Try adding the following to your featureCollection element

   <metadata inherited="true">
     <serviceName>all</serviceName>
   </metadata>

Also, since your most recent dataset is the one that is changing, you
might want to change protoDataset@choice from "Latest" to "Penultimate"
(which is the default, so you could just drop protoDataset all
together). Also, since data files in your dataset don't age off, it
probably isn't too important which dataset is used but probably better
to not use the one that gets updated. The protoDataset is used to
populate the metadata in the feature dataset.

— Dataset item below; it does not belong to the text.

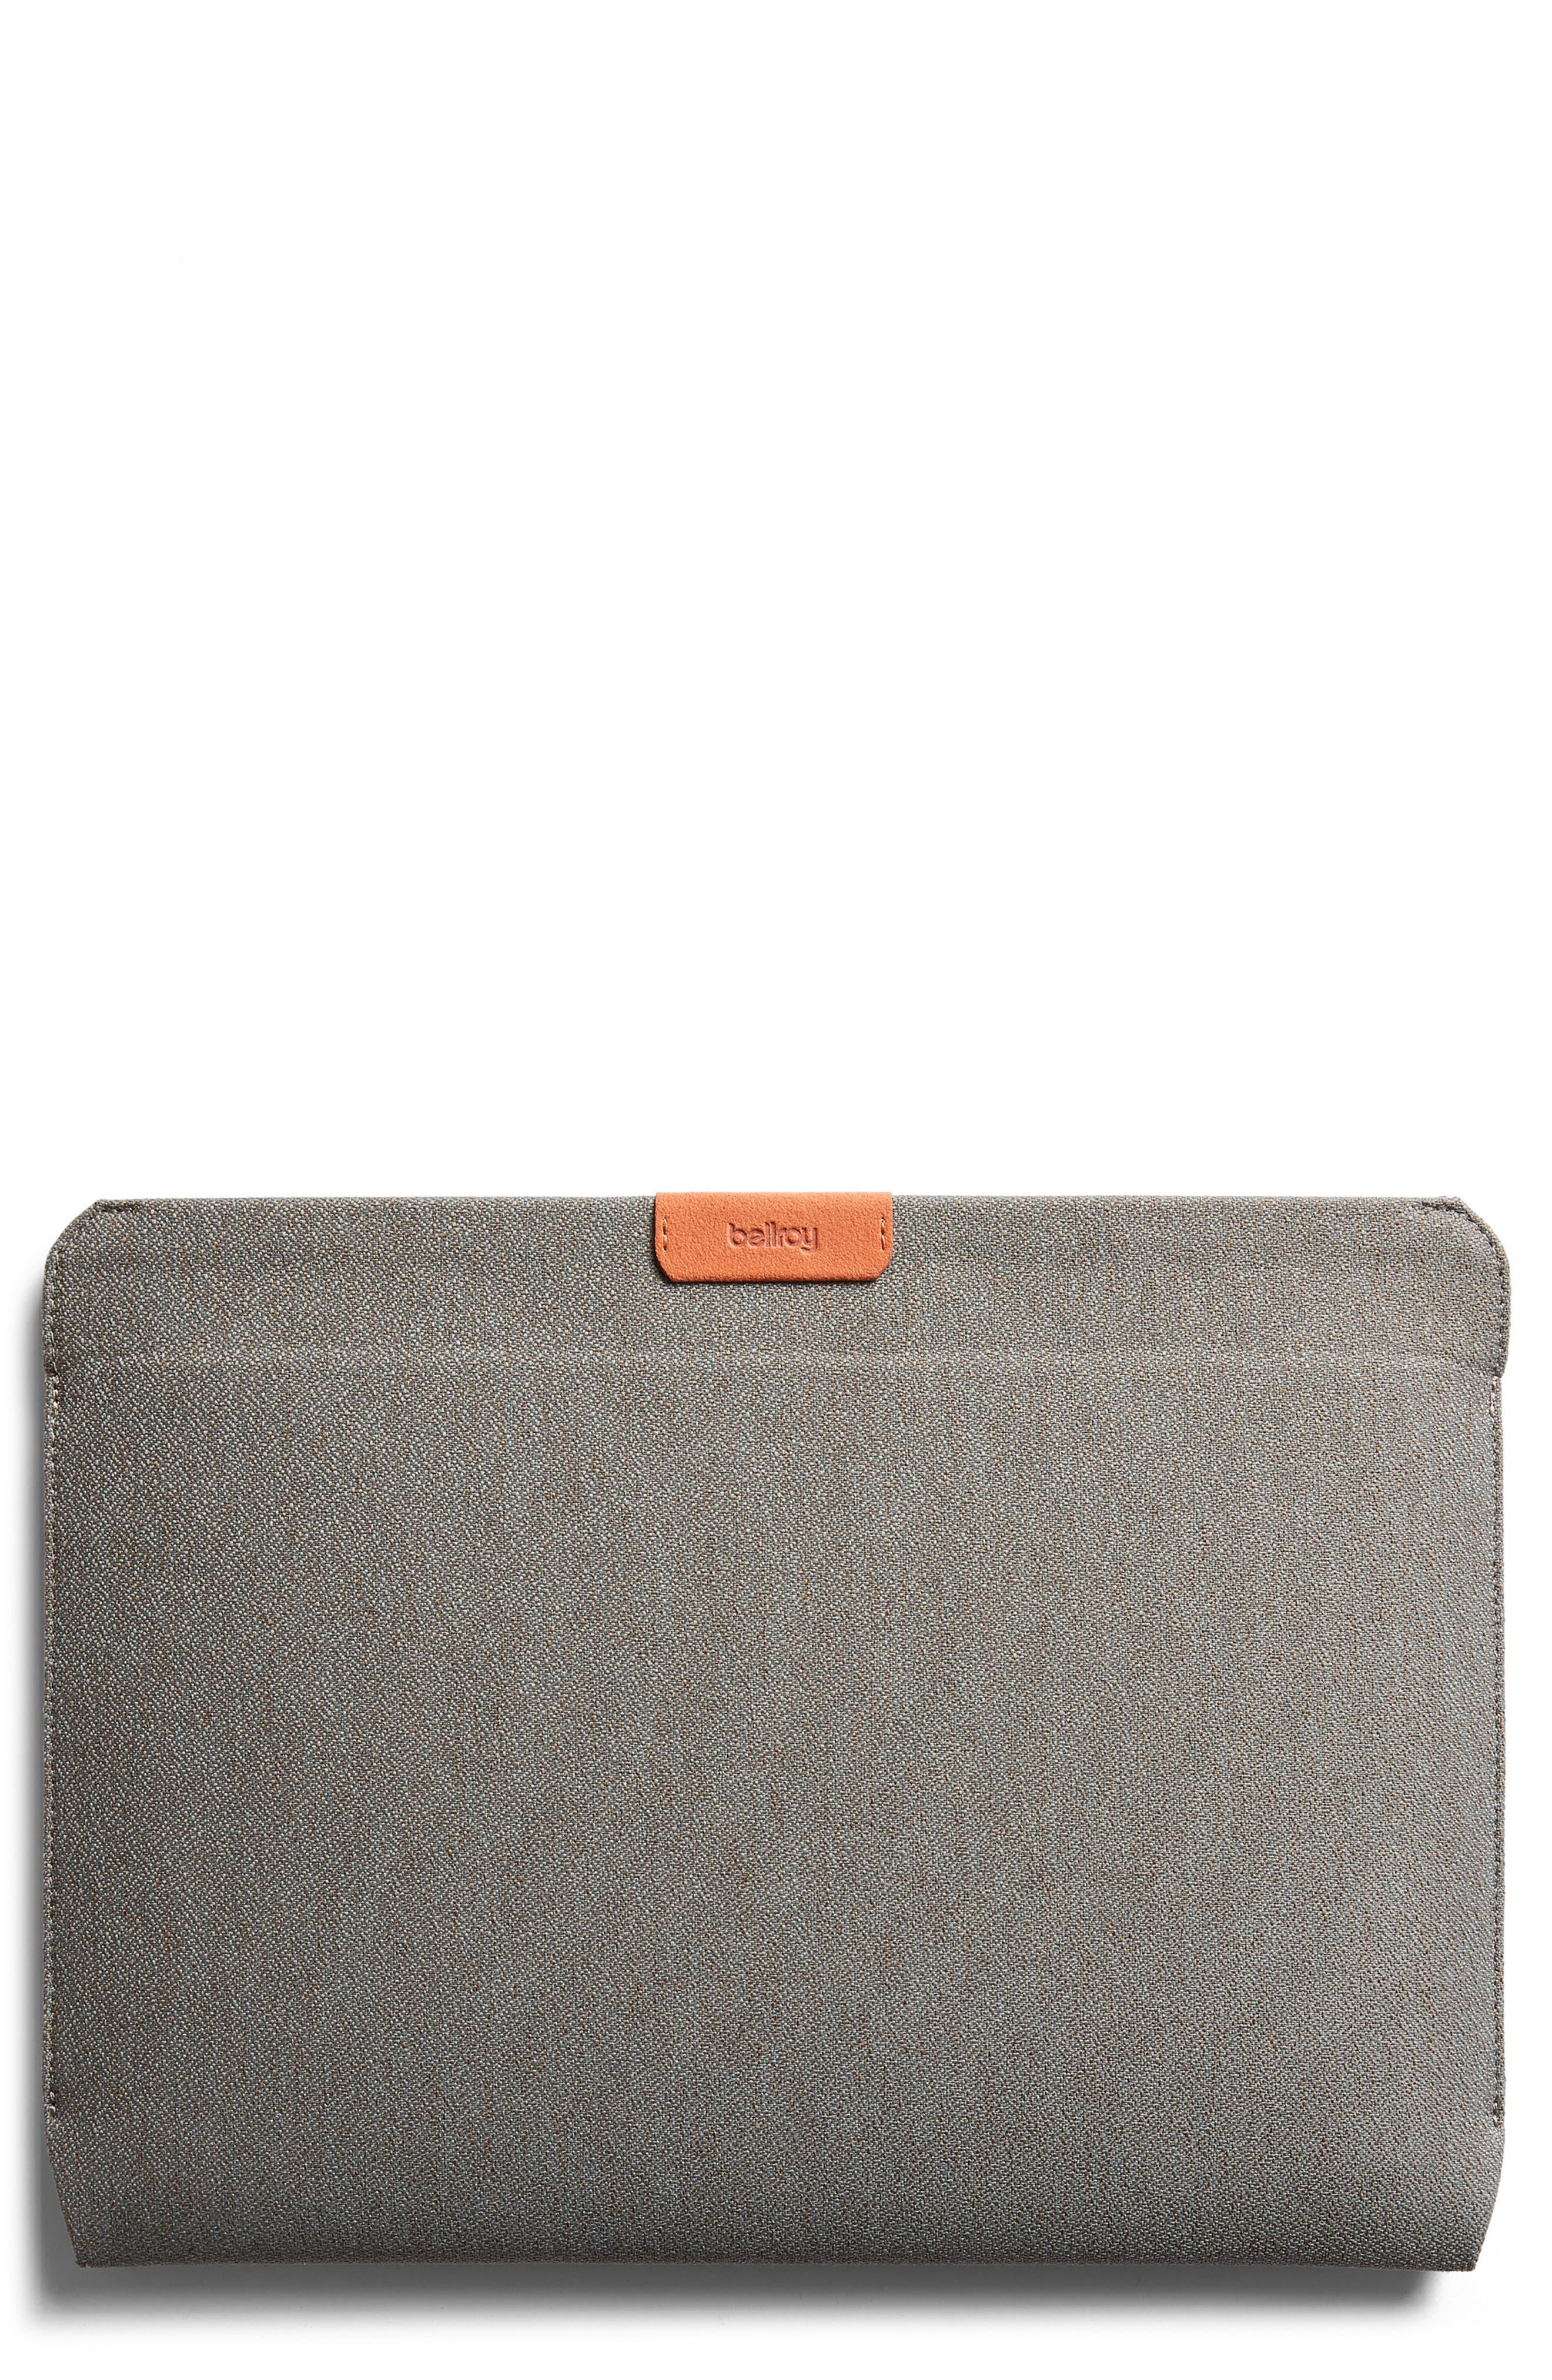 13-Inch Laptop Sleeve

Since your datasets are a simple timeseries rather than a full-blown
FMRC, you will probably want to add

   <fmrcConfig datasetTypes="Best"/>

The fmrcConfig@datasetTypes value tells the featureCollection which
types of FMRC datasets to create. With the value "Best", the forecast
types are left off and only the "Best Time Series" dataset is created.
Not the best dataset name for a simple time series grid (its not just
the best time series, its the only one!) but that's what we have for the
moment. If you want to let people see the underlying files, you could
add "Files" to the fmrcConfig@datasetTypes value.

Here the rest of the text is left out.